**DATA IN THIS EXERCISE:**
------------------------

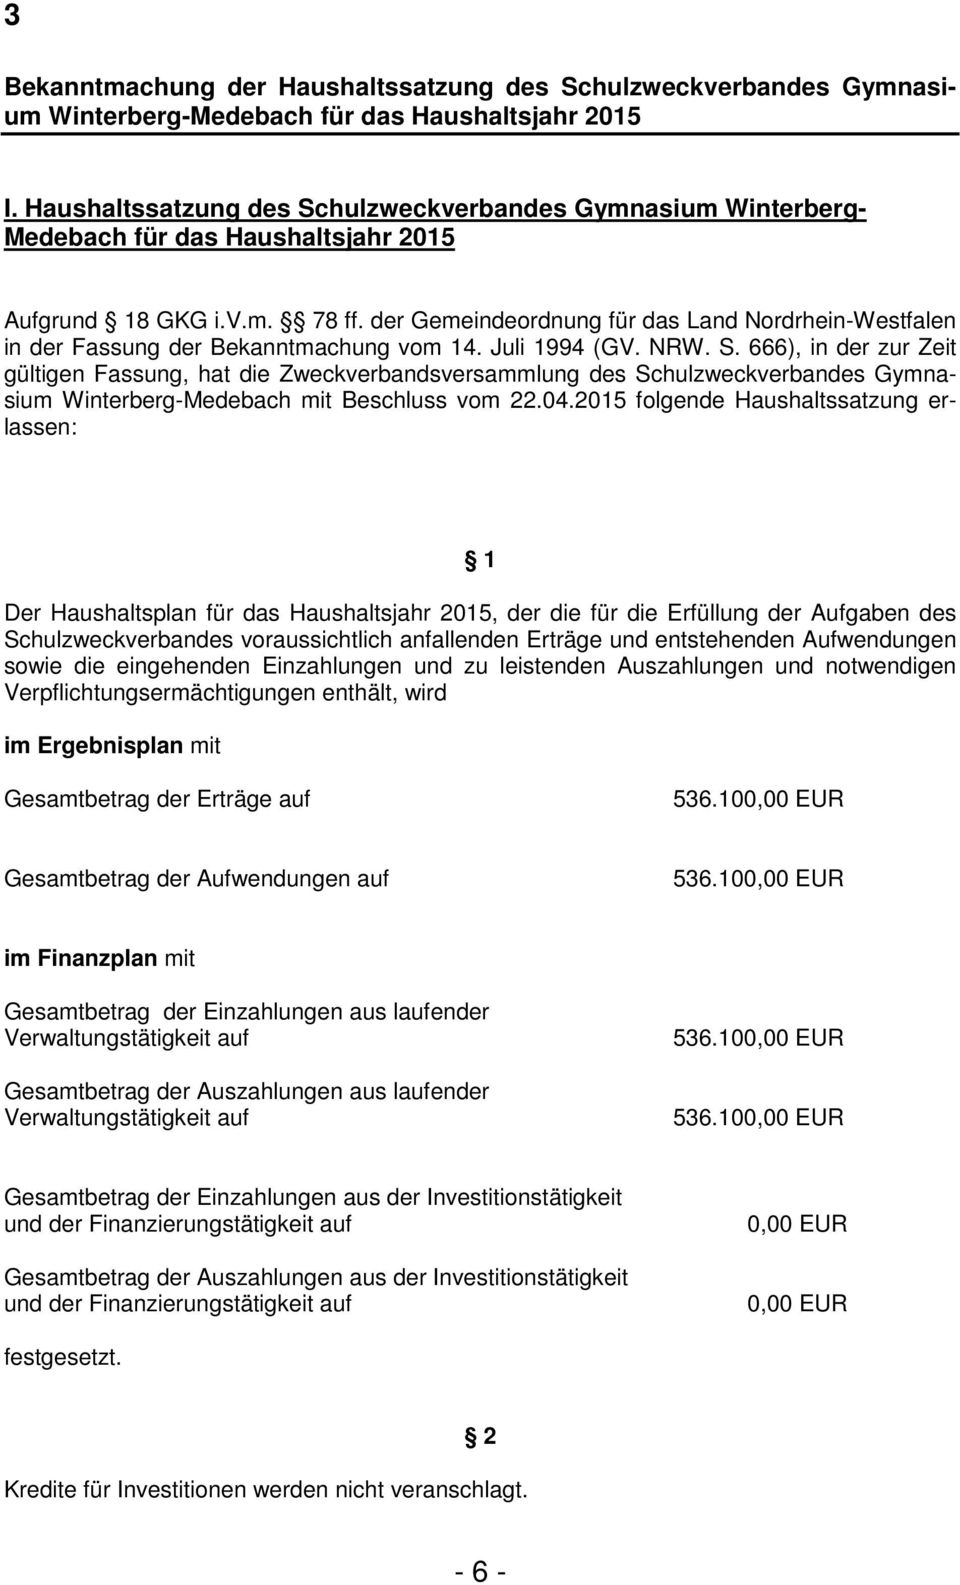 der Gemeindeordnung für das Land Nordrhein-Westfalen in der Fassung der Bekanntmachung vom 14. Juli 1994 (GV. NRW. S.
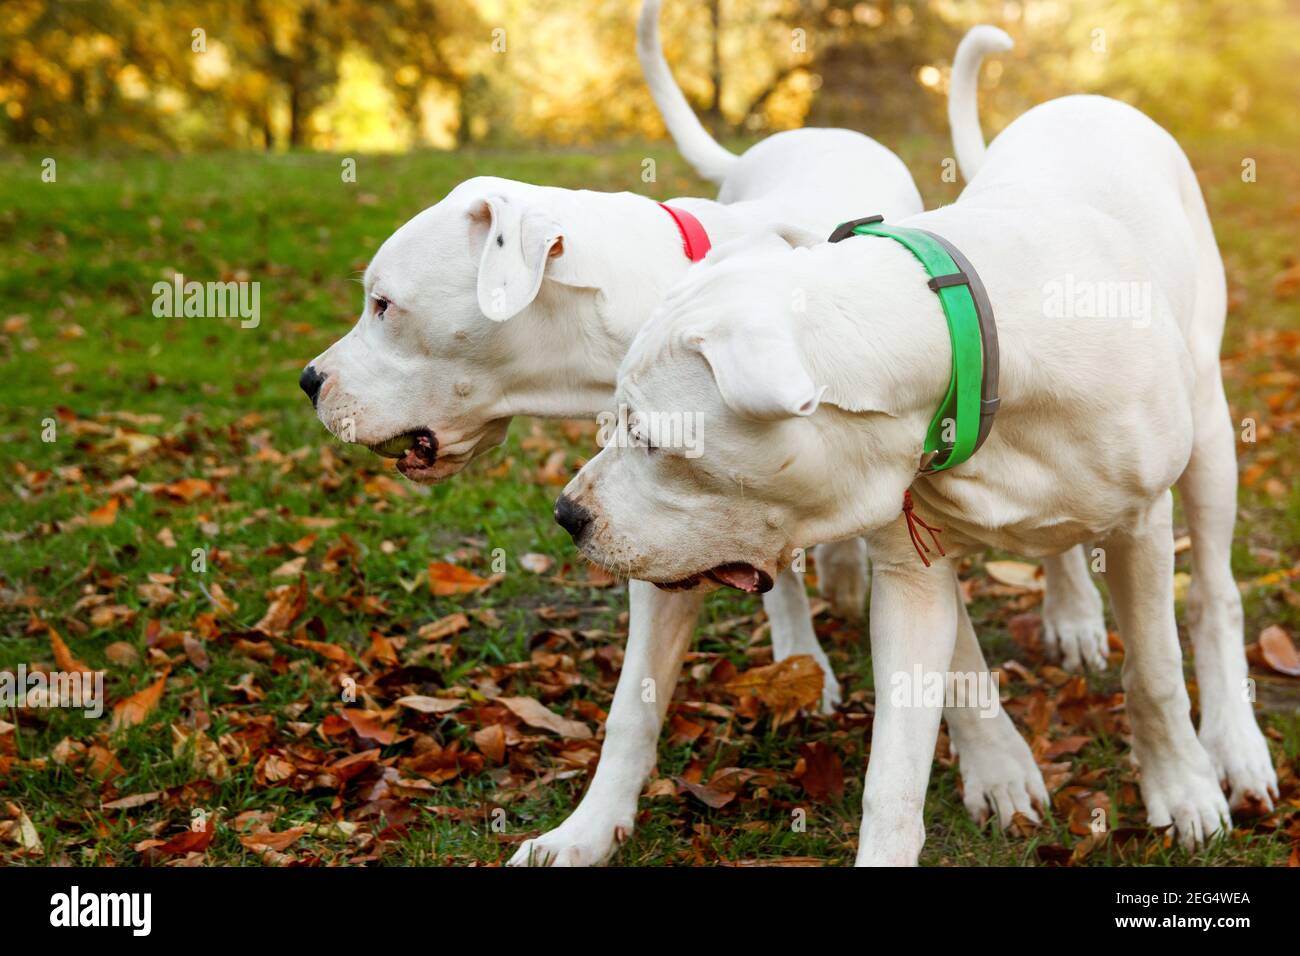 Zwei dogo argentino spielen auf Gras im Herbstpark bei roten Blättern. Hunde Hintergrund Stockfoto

------------------------

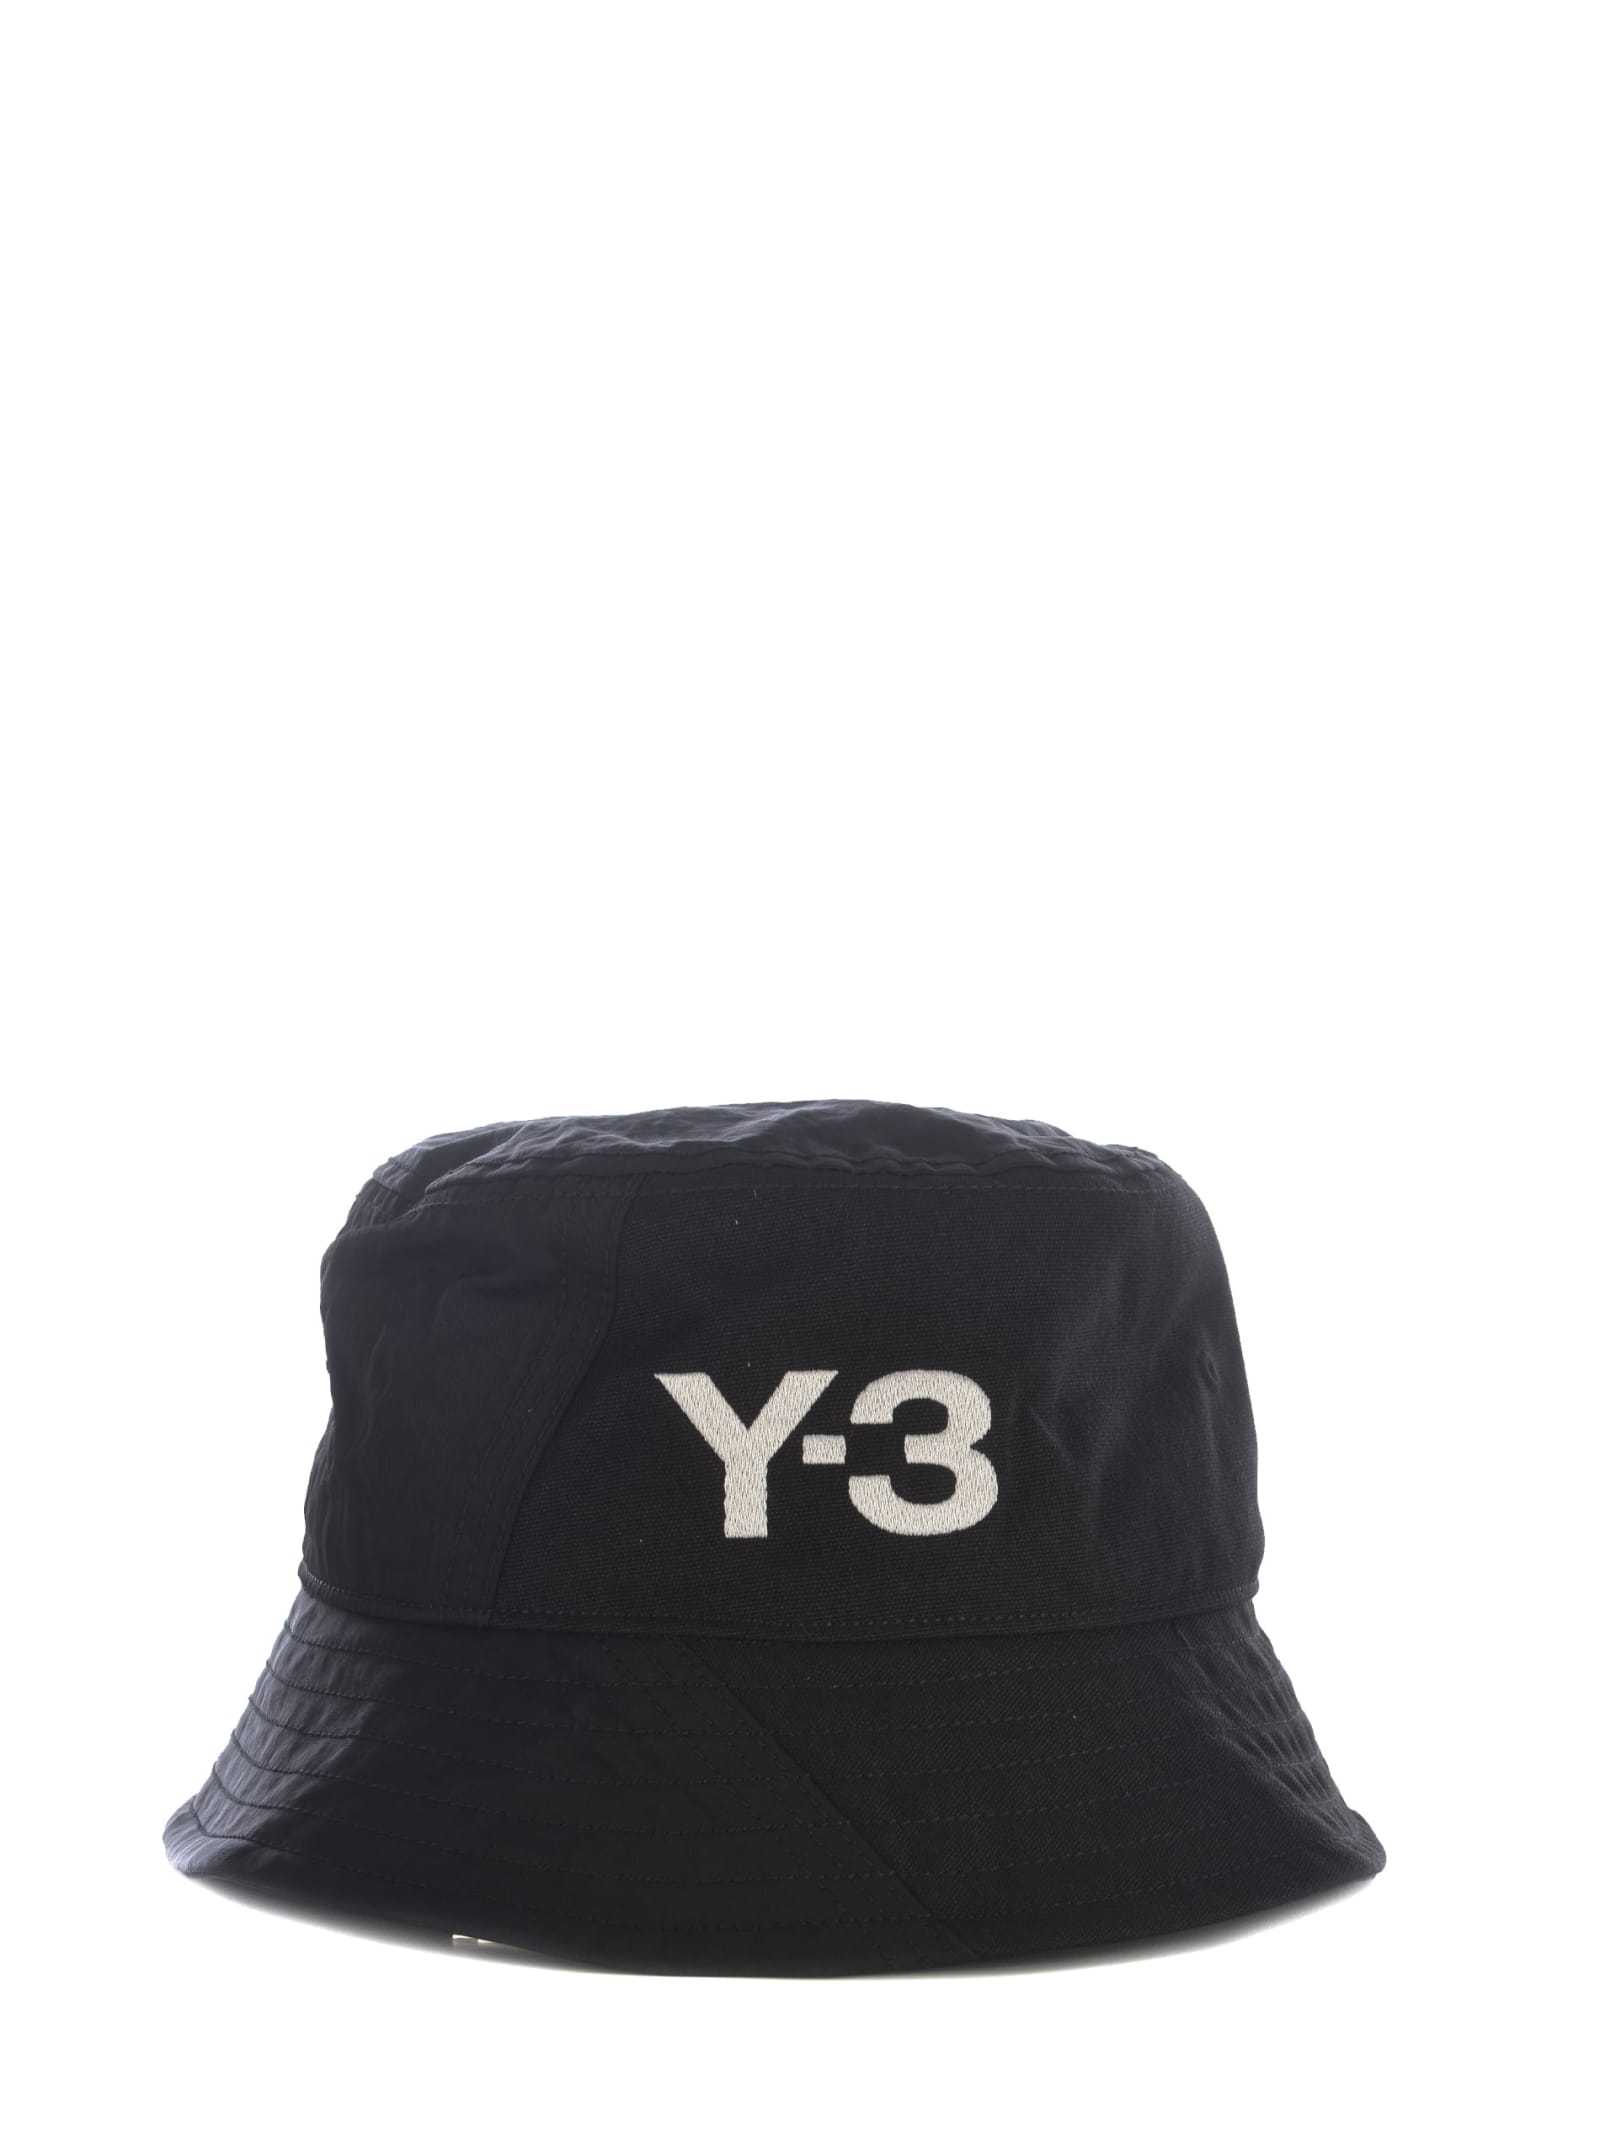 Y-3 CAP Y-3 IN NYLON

------------------------

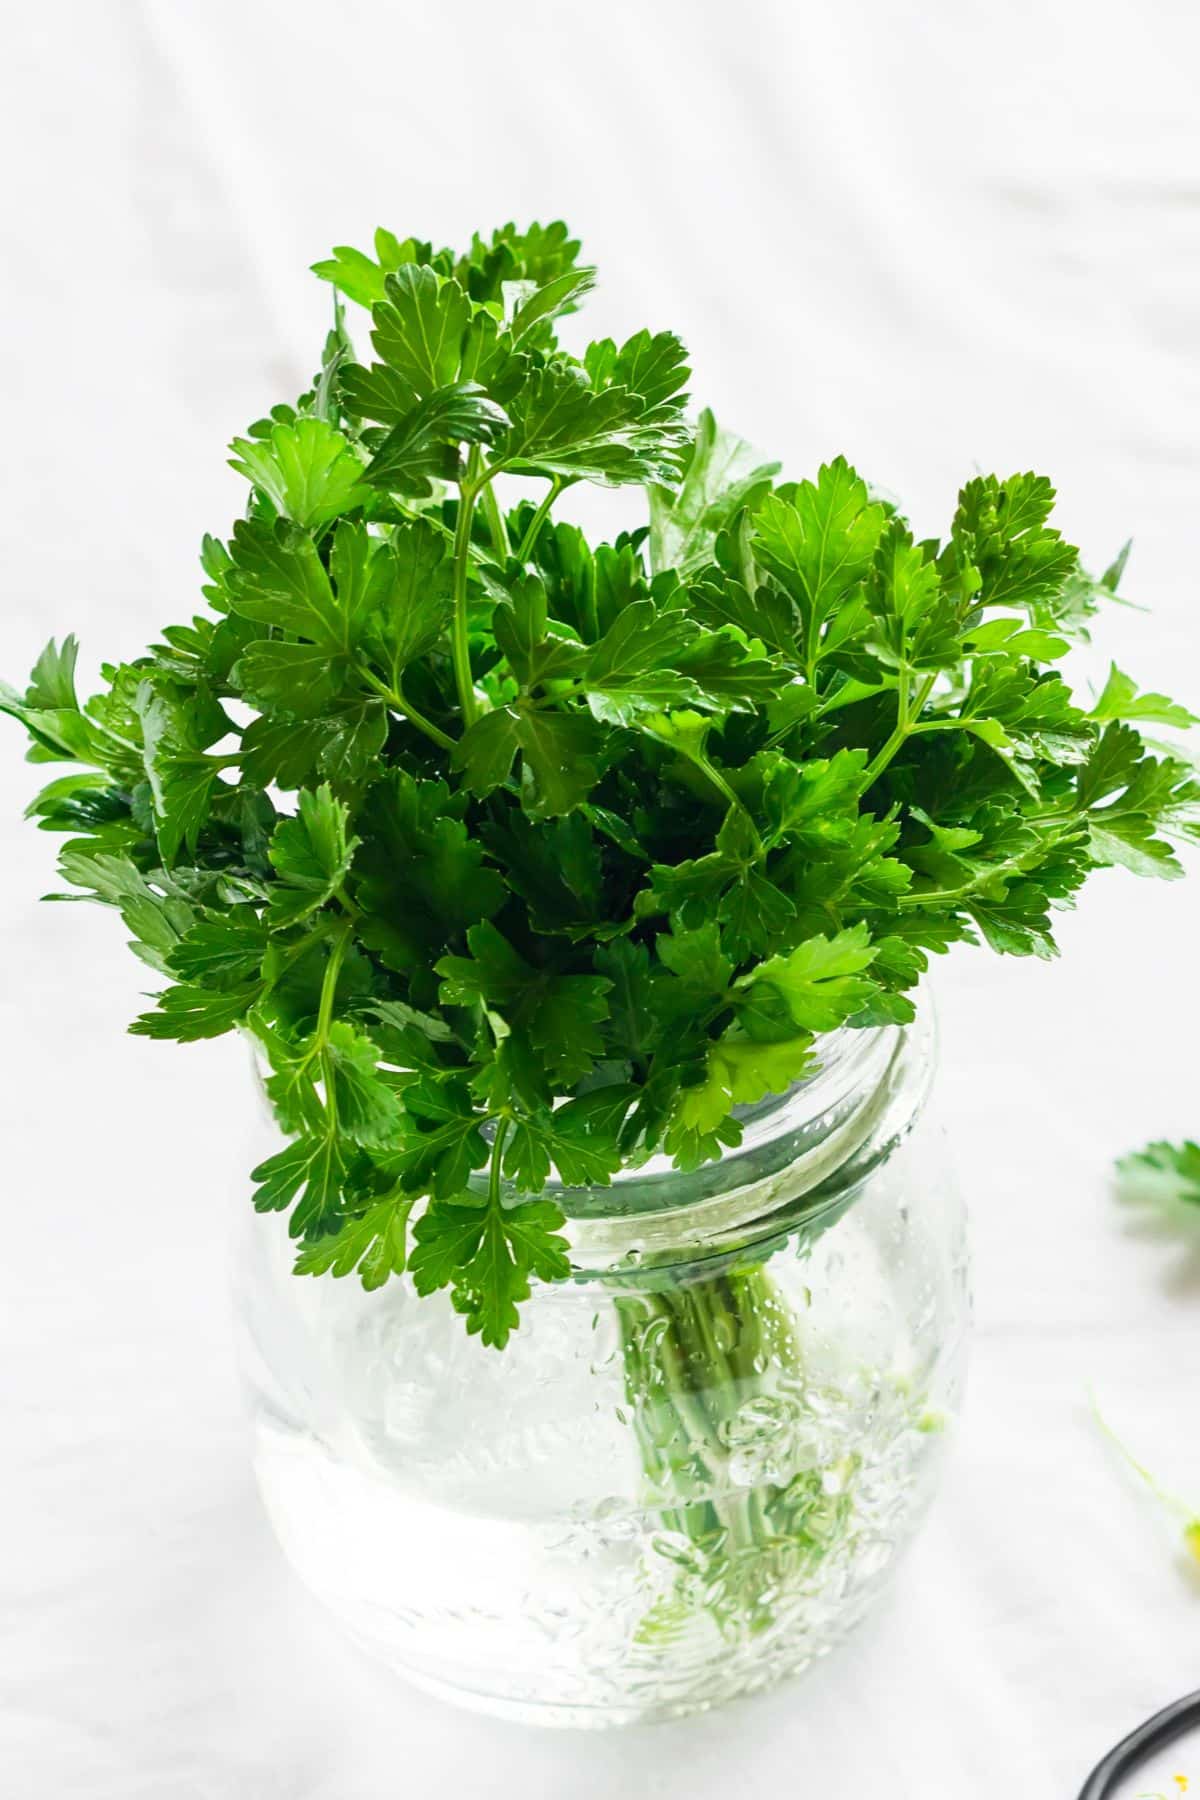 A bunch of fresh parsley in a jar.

------------------------

Reproduce, word for word, only the lines in the records above from the line with "der Gemeindeordnung für" through the line with "Zwei dogo argentino", including both ends; omit the pictures.

**RESPONSE:**
 der Gemeindeordnung für das Land Nordrhein-Westfalen in der Fassung der Bekanntmachung vom 14. Juli 1994 (GV. NRW. S.
 Zwei dogo argentino spielen auf Gras im Herbstpark bei roten Blättern. Hunde Hintergrund Stockfoto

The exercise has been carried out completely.